> Work task: Pictures aside, print all of the data below exactly as written.

> Raw data:

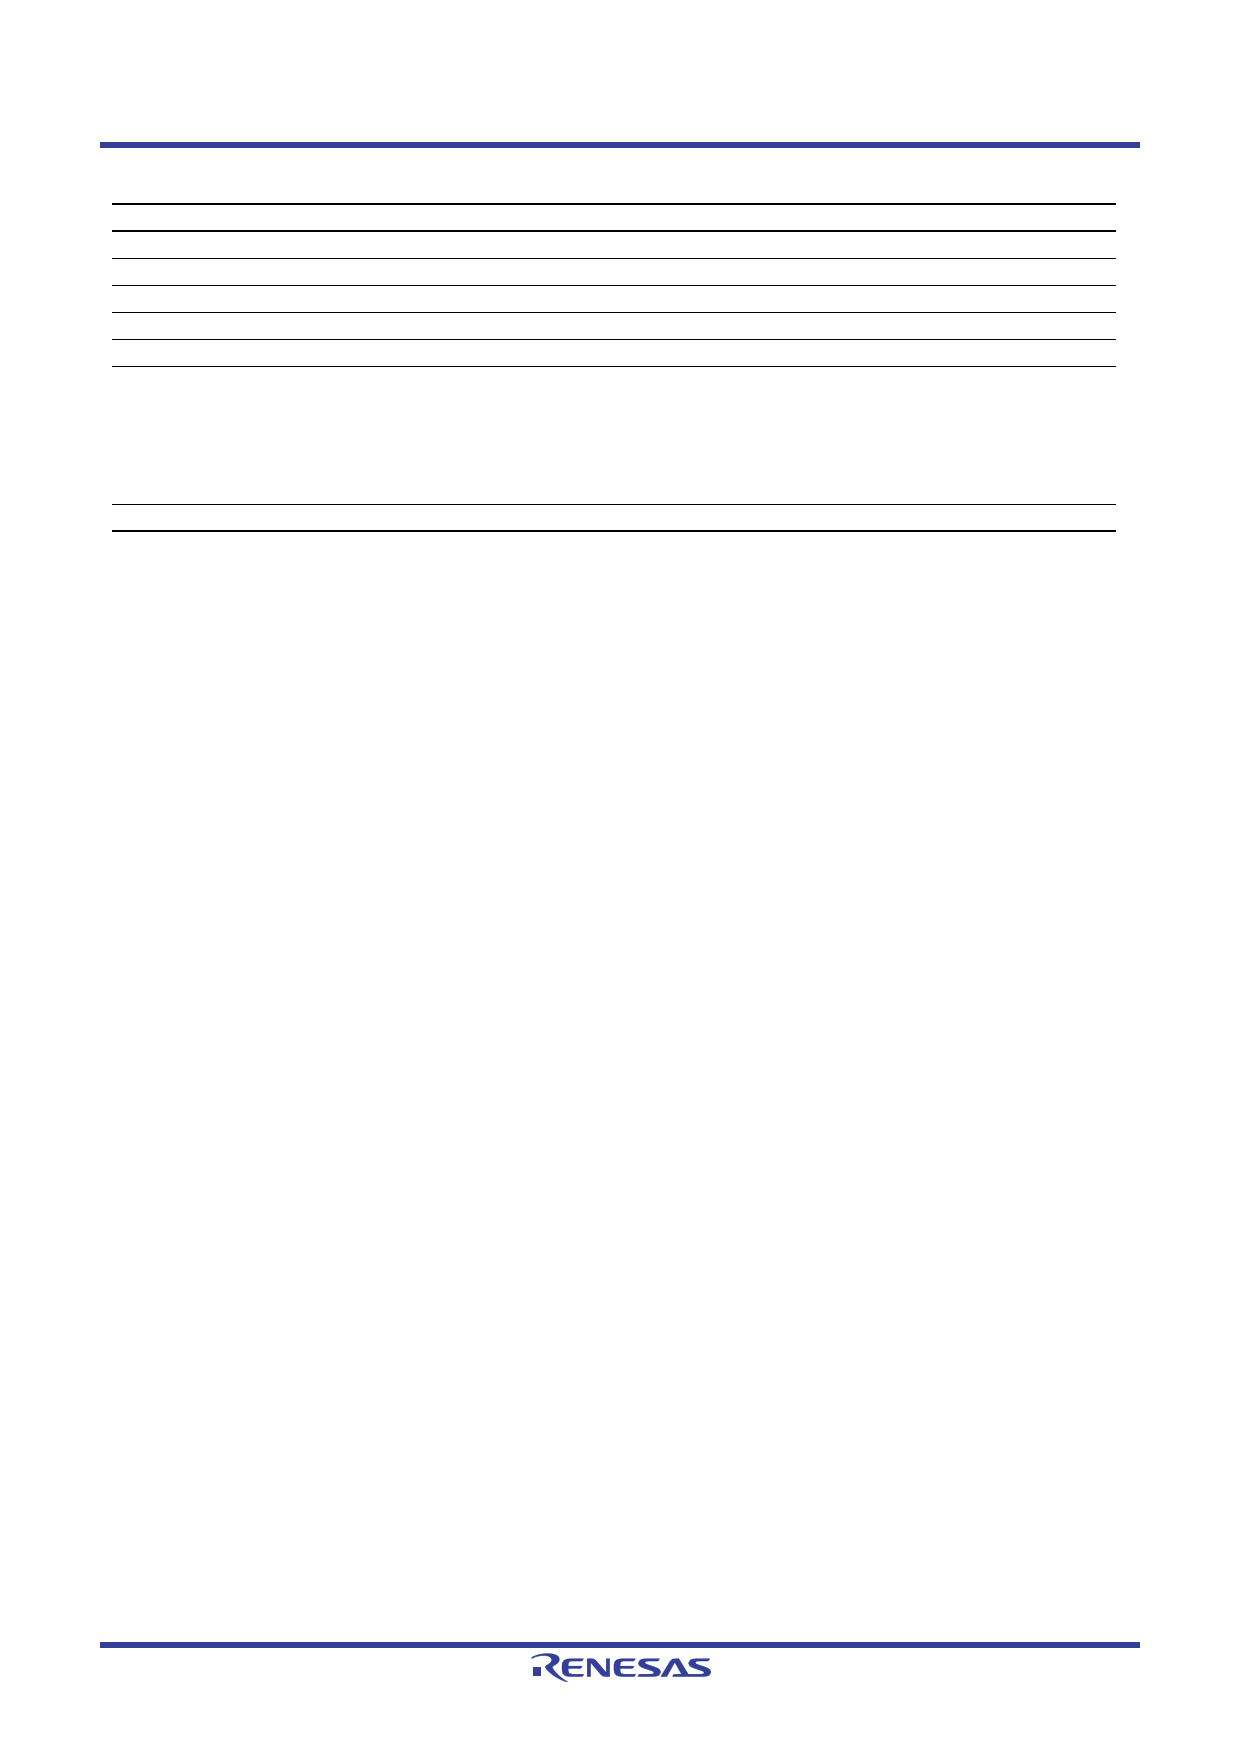 R5F51104ADFM pdf, 반도체, 판매, 대치품
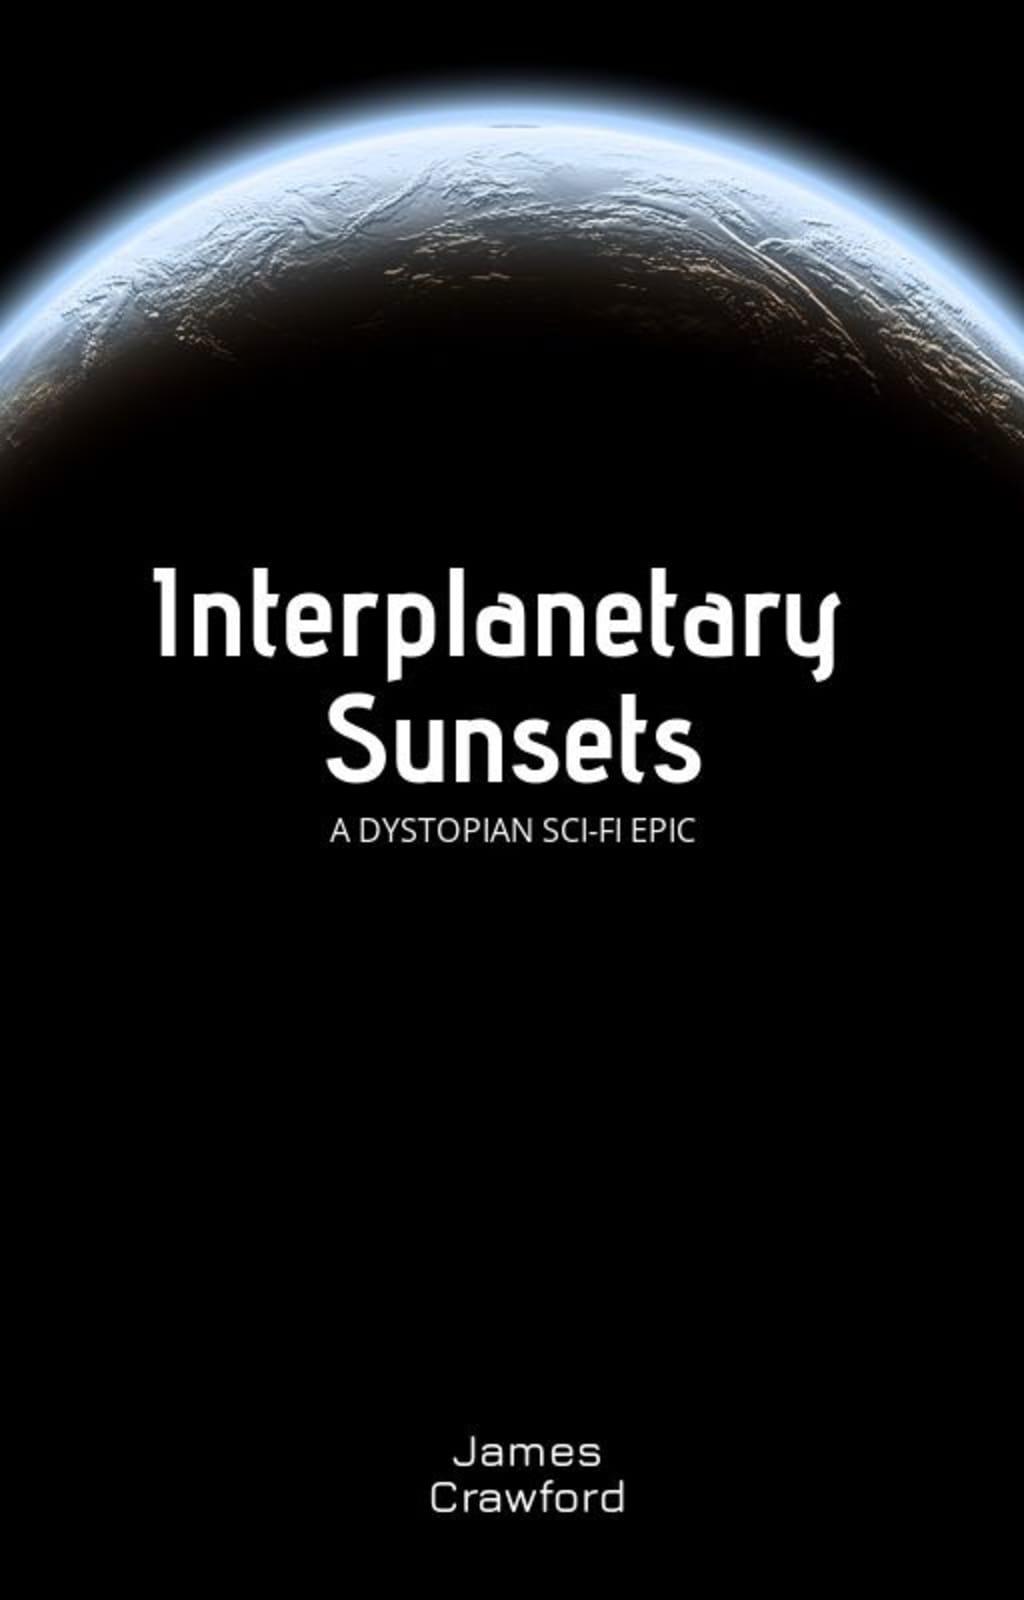 Interplanetary Sunsets (Chapter 2)
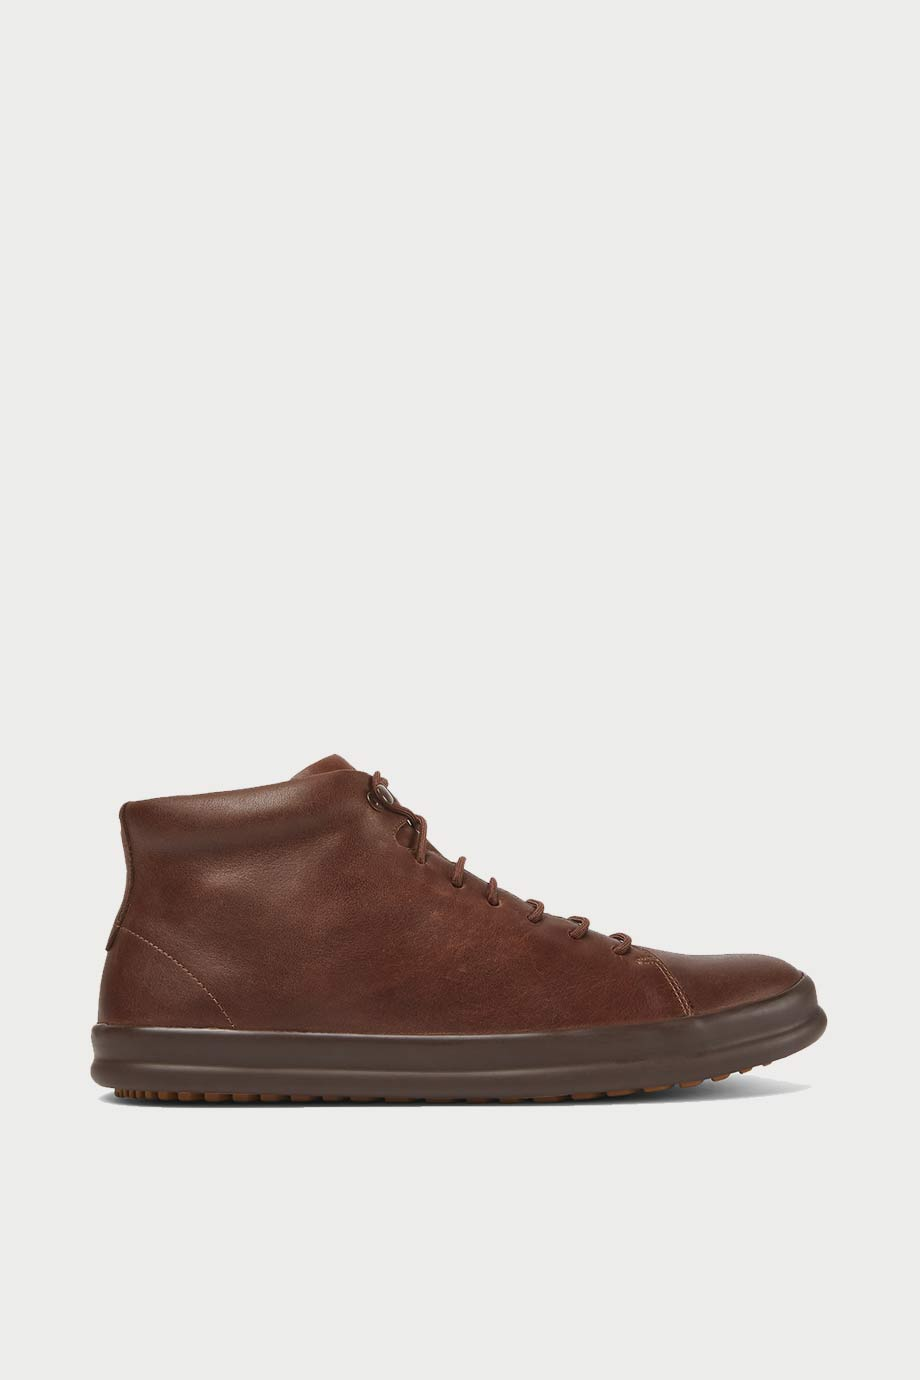 spiridoula metheniti shoes xalkida p K300236 012 camper

> Exercise result:
 R5F51104ADFM pdf, 반도체, 판매, 대치품
 Interplanetary Sunsets (Chapter 2)
 spiridoula metheniti shoes xalkida p K300236 012 camper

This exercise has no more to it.